You have a metric boatload of 'experience' with table saws. Because of that 'experience' level that you have - It is very likely that you can do things on and with a table saw that would make a LOT of guys pee on themselves (or get hurt) if they were to try to do the same thing and with the same exact tools and equipment. :yes:

I was taught 'table saw stuff' by a guy like you 20+ years ago and STILL have not made it to that level. :no:

Eventually I will get there. :thumbsup:


----------



## woodnthings (Jan 24, 2009)

*thanks for the kind words*

But I don't think I deserve all that. There are some operations on the tablesaw I find "scary", but I try to use Murphy's Law to prevent anything serious. This "challenge" just about pushed my limits and then to find mdntrdr used a RAS to make one...yikes. All that exposed spinning blade and so close to a Jorgenson clamp, yikes. 

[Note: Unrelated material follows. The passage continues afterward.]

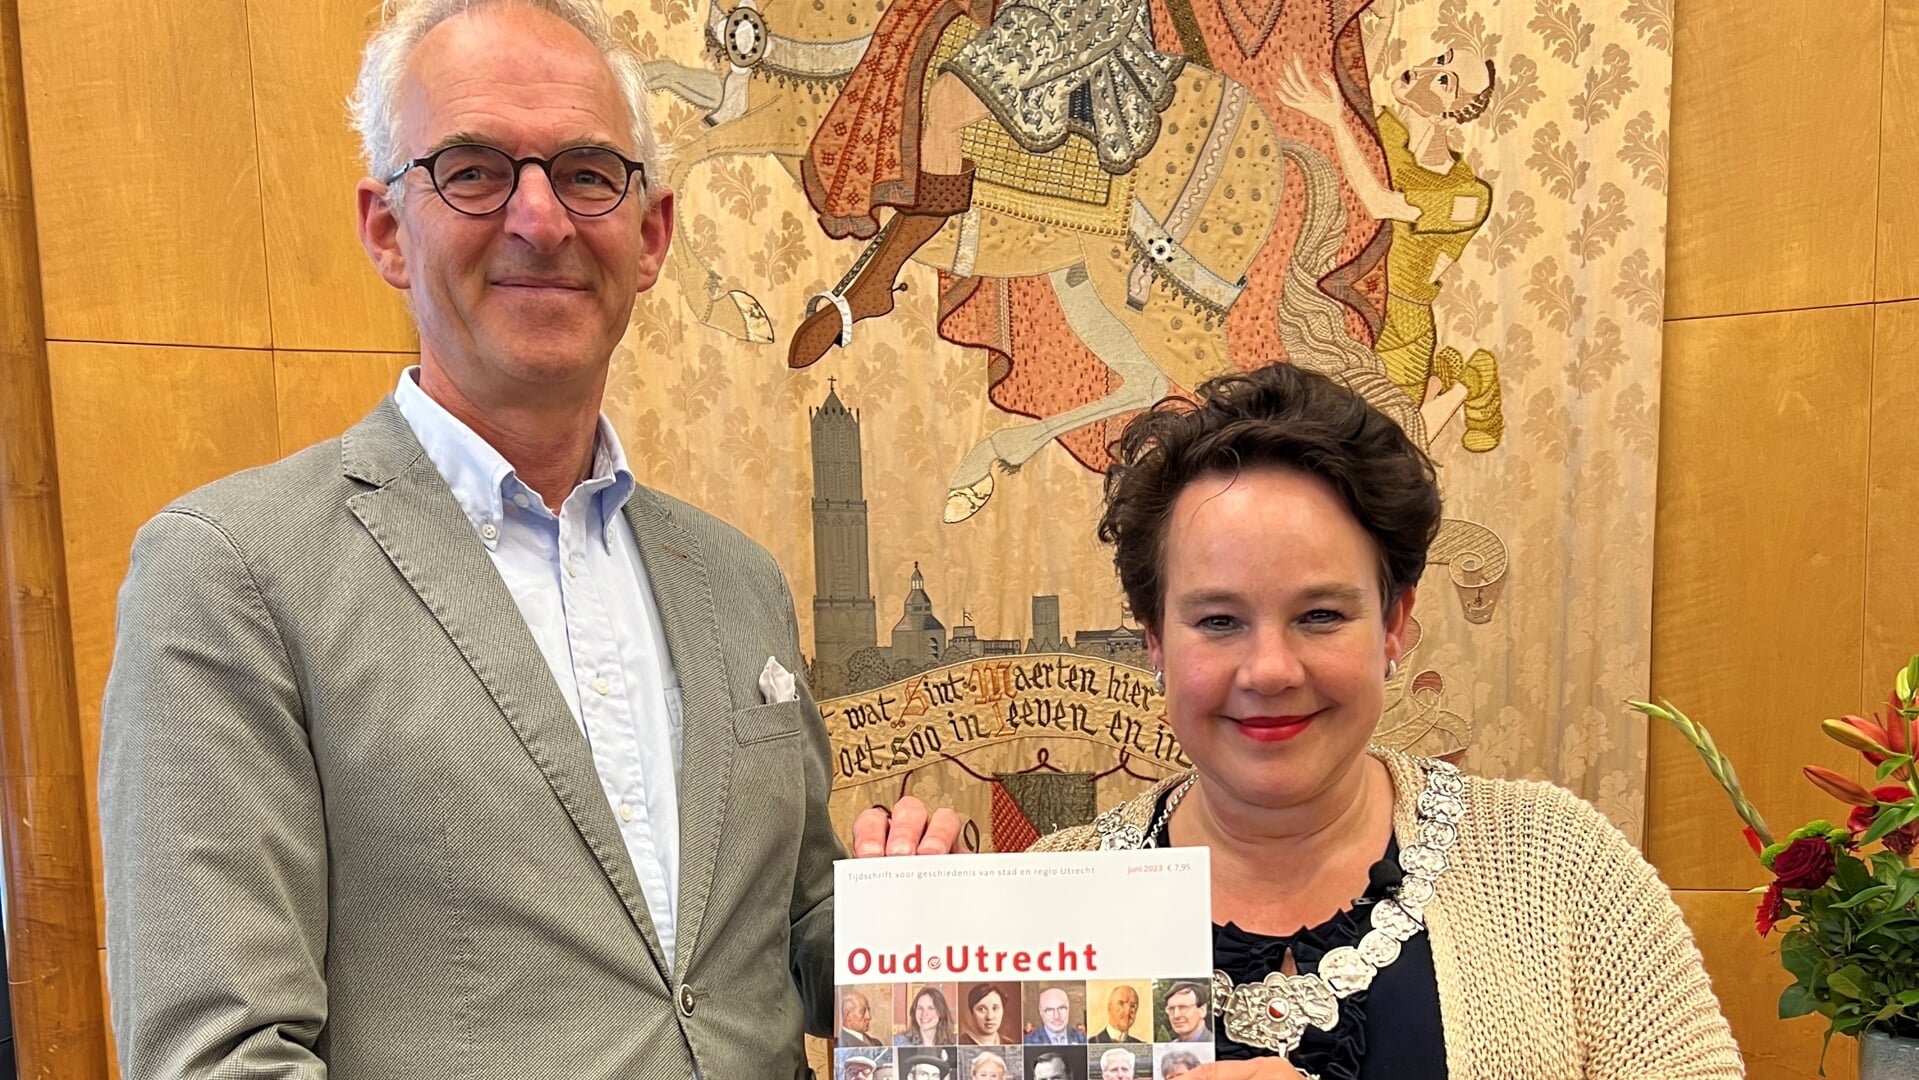 Burgemeester van Utrecht Sharon Dijksma en voorzitter Oud-Utrecht Dick de Jong

http://www.woodworkingtalk.com/f2/leg-brace-alternative-method-challenge-33352/#post277829

Just goes to show there is more than one way to do something. There are many really great woodworkers here and I always find another project or operation I can learn from. My experience is terms of years, rather than feet. Many guys have many thousands of feet through a table saw, I have not nearly as much, but it is spread out over many years.


----------



## Oneal-Woodworking (Apr 14, 2013)

woodnthings said:


> This "challenge" just about pushed my limits and then to find mdntrdr used a RAS to make one...yikes. All that exposed spinning blade and so close to a Jorgenson clamp, yikes.
> 
> http://www.woodworkingtalk.com/f2/leg-brace-alternative-method-challenge-33352/#post277829
> .


Thanks for the link. That was a cool thread... :thumbsup:

Somewhat related - I have this cheap little jig for cutting triangles (corners) on the tablesaw. It more or less just holds the wood at that angle and then you use the fence as if normal. Very safe in my opinion. If the guy that taught me way back in day saw me using that thing he would literally laugh his butt off. If he 'needed' a funny cut like that he would just draw the line to be cut on his material and freehand it on the TS. I watched him do that sort of stuff a hundred times and his cuts always came out perfect (no sanding required). 

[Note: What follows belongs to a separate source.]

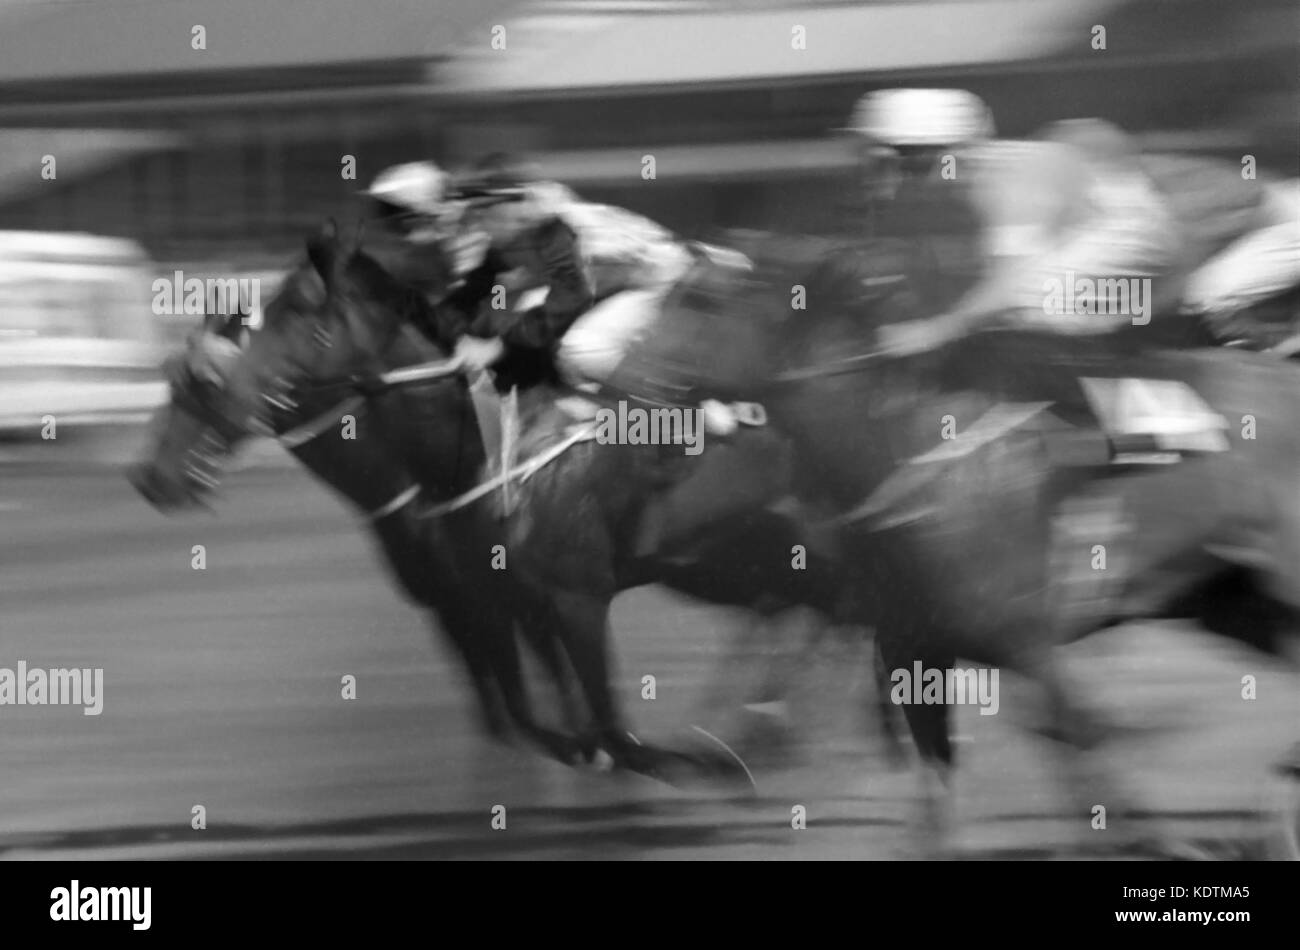 L'eccitazione della corsa come vye offuscato cavalli e scimini per la posizione: Newcastle Racecourse, Broadmeadow, nuovo Galles del Sud, Australia. Versione B/W. Foto Stock

That guys experience level would be measured in 'feet' as you described previously. Every single day for 8 to 10 hrs per day his job was behind a tablesaw. That particular saw only got turned 'off' for lunch or blade changes during the normal workday... :yes:

The thread you linked me to above sort of reinforces what I said about YOU and tablesaws...


> Because of that 'experience' level that you have - It is very likely that you can do things on and with a table saw that would make a LOT of guys pee on themselves (or get hurt) if they were to try to do the same thing and with the same exact tools and equipment. :yes:


Now that all that has been said, Can we get back to cracking jokes in this thread? :smile:


----------



## epicfail48 (Mar 27, 2014)

An athiest, a vegan and a cross-fiter walk into a bar. After 5 minutes, everybody knows


----------



## Oneal-Woodworking (Apr 14, 2013)

epicfail48 said:


> An athiest, a vegan and a cross-fiter walk into a bar. After 5 minutes, everybody knows


LOL! :smile:


----------